A Bridge Builder
Tick. Tock. Tick. Tock. Class is now in session. Today’s subject is Congressman John Lewis, who just celebrated his 80th birthday.
When Congressman Lewis was 75, he posted on his Facebook page a photo of him reading his own FBI file.
His dossier was part of the COINTELPRO program that the federal government used against human rights activists ranging from Malcolm X to Martin Luther King, Jr.
In fact, tens of thousands of people were kept under surveillance by not only the FBI but the CIA, NSA, DIA, and many other intelligence agencies that you have never heard of.
Here is what Congressman Lewis wrote at the time, “I am more convinced than ever that we cannot allow government surveillance.”
With longevity may come wisdom. Congressman Lewis is the last living speaker who spoke at the 1963 March on Washington. He was 23 years old at the time.
In more than five decades later, he has become an icon. Often associated with the march in Selma for the right to vote, where he was hit in the head by State troopers and was knocked unconscious by those blows.
People who have met Congressman Lewis as I have, walk away with the same impression. His sincerity and authenticity are without question.
In his Washington office, his walls are adorned with photos of his life’s career. He is one of the most respected legislators in the nation.
However, President Trump once said of Congressman Lewis, that he is “All talk, talk, talk-no action or results.”
President Trump attacked him with the same venom that he criticized the late Congressman Elijah Cummings.
Congressman Lewis’s place in history is secured. Long after the tweeting and divisive Donald Trump have departed from the White House John Lewis will be remembered as an American hero.
In 2011, he was awarded the Presidential Medal of Freedom. In 2012, the Navy announced that it would name a ship after him.
On February 21, his birthday, he received congratulatory calls from President Obama and literally millions of people wished him a happy birthday.
It should not surprise anyone that President Trump is no fan of the congressman, who said, in 2018, that the president, “I think that he is a racist.”

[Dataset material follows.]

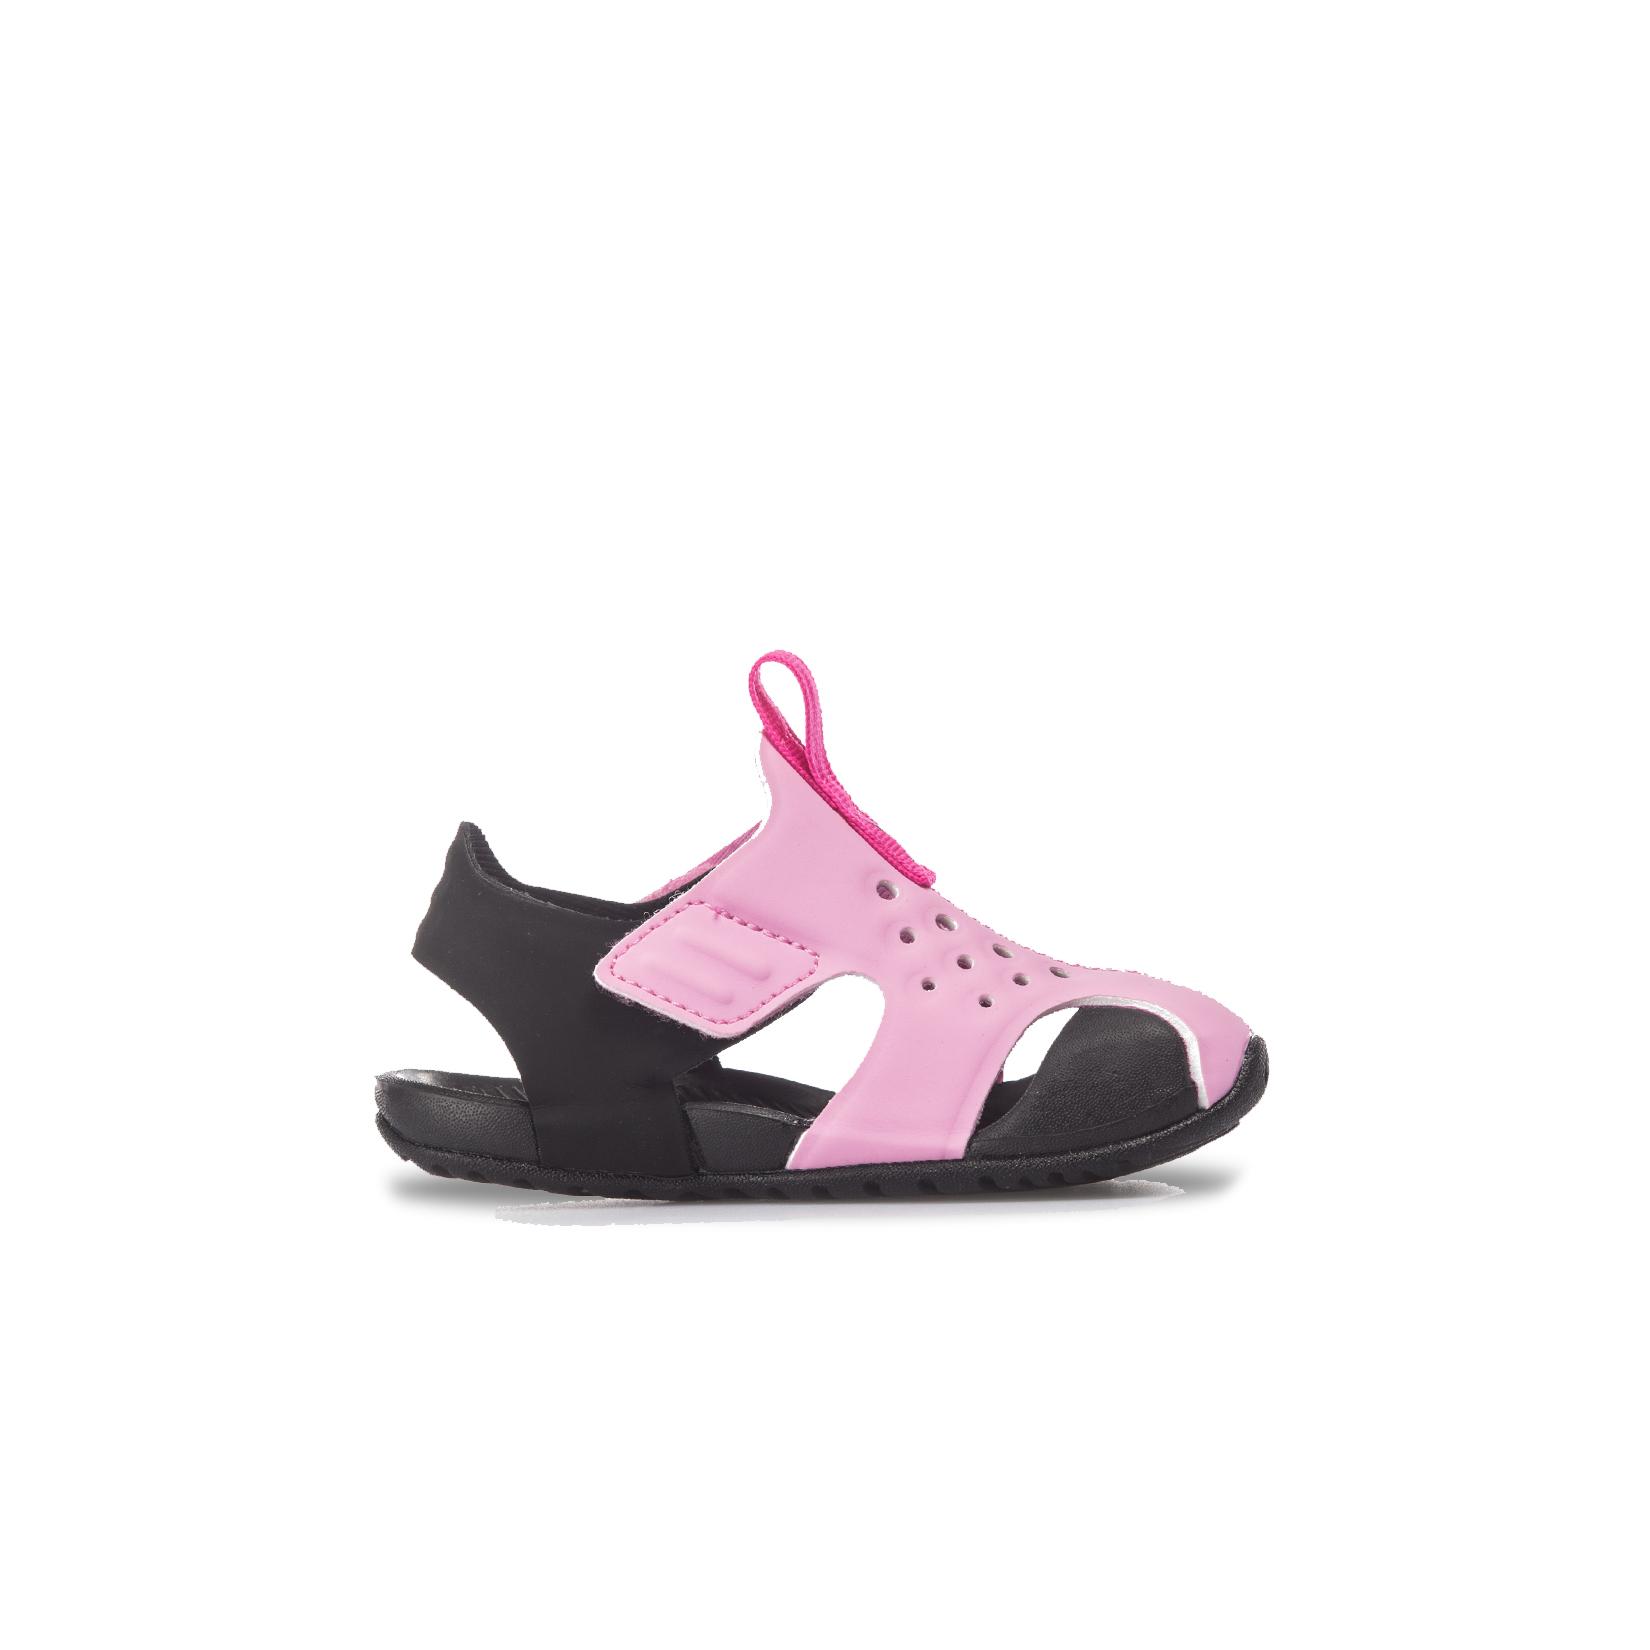 Nike Sunray Protect 2 Sandal Pink - Black

Congressman Lewis last year announced that he has stage 4 pancreatic cancer. His announcement coming months before his 80th birthday made the milestone of 80 even more important.
The photo that accompanies this lesson is of him and I meeting in Washington, D.C. in 2013 to discuss the proposed Civil Rights Foot Soldiers Memorial that now exists across from the Arundel Center in Annapolis, Maryland.
Attending that same meetings were Annapolis Mayor Josh Cohen, former councilman and prominent attorney Daryl Jones, Anne Arundel County NAACP president Jacqueline Allsup, Marc Apter and former Annapolis Police Chief Joseph S. Johnson.
When we left his office, we left knowing that we had met a history maker. The one thing about knowing history is that you know history makers are different from excuse-makers.
History makers are those individuals who are willing to speak truth to power. They are people who understand that tweeting presidents are not the final judges of history.
I conclude this lesson with this observation. John Lewis place in history, which includes being chairman of the Student Nonviolent Coordinating Committee (SNNC).
SNCC, which included such history makers as Stokely Carmichael, H. Rap Brown, Mayor Marion S. Barry, Jr., Congresswoman Eleanor Holmes Norton, holds a special place in the minds of freedom-loving people.
It was the late Dr. John Henrik Clarke who at the passing of Congressman Adam Clayton Powell, Jr., another legendary legislator who said, in order to understand his legacy, you needed an old man and a young boy.
The young boy, he said, would only see an old man and proclaimed, “the Emperor has no clothes.”
The old man could say, “But there was a time that he did.” We will remember Congressman Lewis for not only reaching his 80th birthday but, will remember him as a young man walking across a bridge and being knocked unconscious.
We will remember him as a bridge-builder working to bridge the gulf between the races.
We will remember him as a congressman from Georgia who when asked is the election of Barack Obama the fulfillment of Dr. King’s dream, he said, “No, it’s just a down payment.”
The school bell has rung and class is now dismissed. See you next week and remember never allow others to tell your story.
Stay Woke. Stay Tuned. Stay Involved. Vote. Remember.
A Luta Continua.
Carl Snowden leads the African American Caucus in Anne Arundel County. He is a life-long activist and columnist for the Capital Newspaper and The Arundel Patriot.